Speaker
Description
We present a data-driven analysis of the resonant S-wave $\pi\pi \to \pi\pi$ and $\pi K \to \pi K$ reactions using the partial-wave dispersion relation. The contributions from the left-hand cuts are accounted for in a model-independent way using the Taylor expansion in a suitably constructed conformal variable. The fits are performed to experimental and lattice data as well as Roy analyses. For the $\pi\pi$ scattering we present both a single- and coupled-channel analysis by including additionally the $K\bar{K}$ channel. For the latter the central result is the Omn`es matrix, which is consistent with the most recent Roy and Roy-Steiner results on $\pi\pi \to \pi\pi$ and $\pi\pi \to K\bar{K}$, respectively.

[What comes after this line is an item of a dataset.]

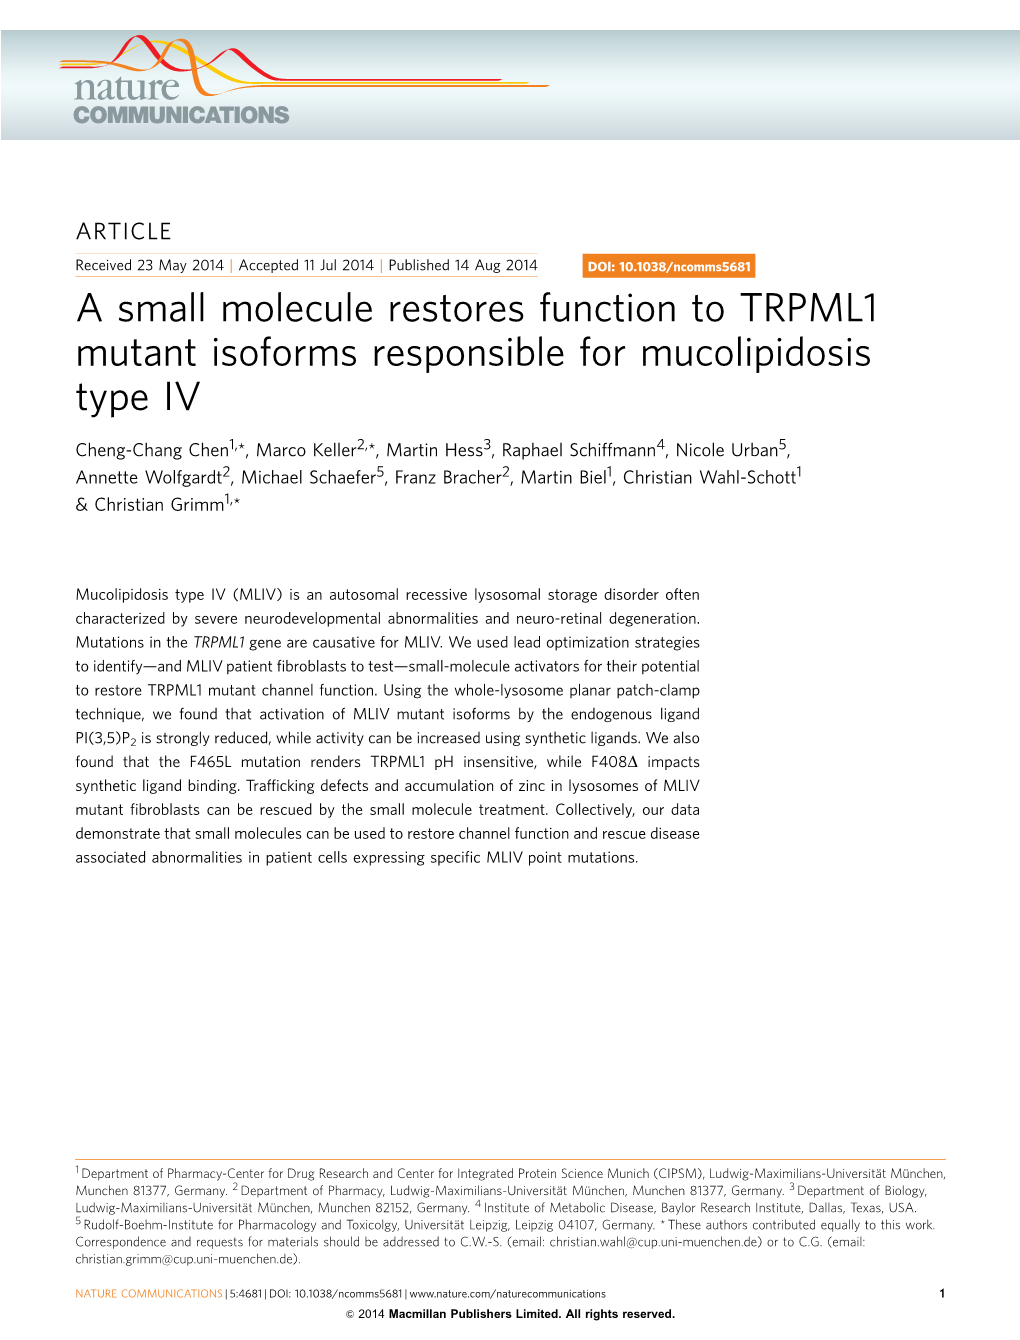 A Small Molecule Restores Function to TRPML1 Mutant Isoforms Responsible for Mucolipidosis Type IV

By the analytic continuation to the complex plane, we found poles associated with the lightest scalar resonances $\sigma/f_0(500)$, $f_0(980)$, and $\kappa/K_0^*(700)$ for the physical pion mass value and in the case of $\sigma/f_0(500)$, $\kappa/K_0^*(700)$ also for unphysical pion mass values. The obtained Omn`es functions are used for the description of the double-virtual photon-photon scattering to two pions up to 1.5 GeV.